Confronting racism and facism

 Posted on June 18, 2015
Jun 182015
 

Seemingly unconnected events sometimes reveal patterns which are not immediately obvious. One such pattern is the re-emergence of racist and fascist ideas which had been consigned to history.

South of the border, the mass shooting at the Emanuel African Methodist Episcopal Church in Charleston – the historic church of slave revolt hero Denmark Vesey – was not the act of a disturbed individual. The killer openly upheld the centuries-long “tradition” of white supremacy, which includes countless murders, rapes, lynchings and police killings against Black Americans. The Civil War victory over the southern slavocrats was not enough to root out their inhuman ideology, which survives in a modern United States where corporate profits are boosted by the exploitation and oppression of racialized minorities.

Across the ocean, Hitlerism was smashed on the battlefields of World War Two, with the Soviet people led by their Communist Party playing the decisive military role. But US imperialism refused to complete the task of eradicating Nazism, choosing instead to turn the remnants of the fascist machine against the USSR and its socialist allies.

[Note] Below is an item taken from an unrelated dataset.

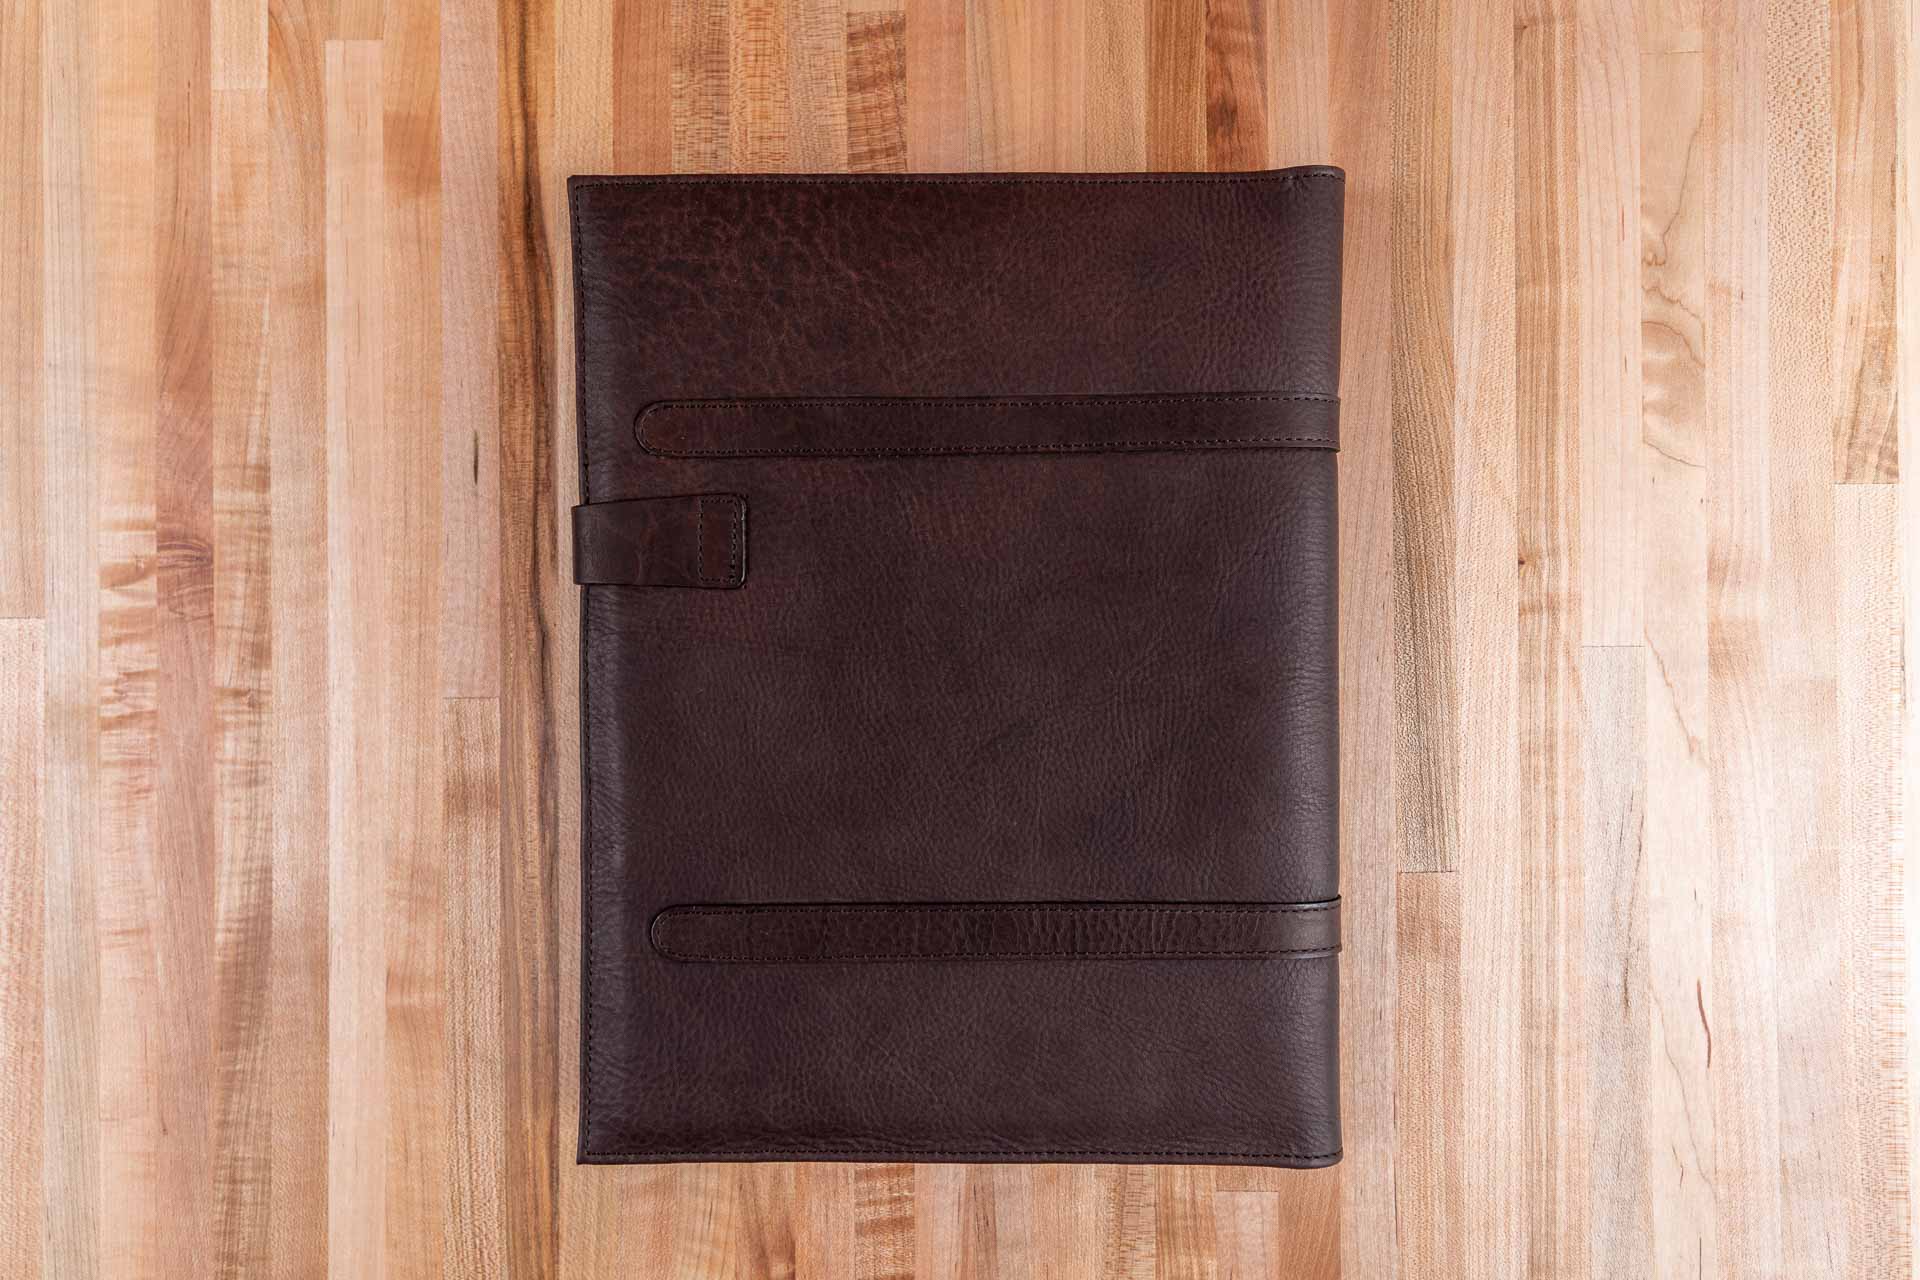 Bespoke Hand Stitched Pad Cover | English Bridle Hide | Portfolio for Legal  Pad | Custom Made in England

Today the followers of these fascists are in power in Kiev, and spreading xenophobic and homophobic terror across the rest of the continent.

Here at home, Stephen Harper stubbornly refuses to utter the “G” word, maintaining the shameful pretense that the genocidal policies imposed on indigenous peoples by colonialism were “mistakes” – not fundamental characteristics of the racist ideology of white European Christian supremacy. And at the “grassroots” level, neo-nazis are seeking to turn legitimate anger over falling living standards into violence against immigrants and refugees.

Such expressions of fascist and racist ideology are encouraged by a ruling class desperate to maintain control at a time of deepening capitalist economic crisis. These ideas must not be trivialized – they must be confronted and beaten back wherever they emerge.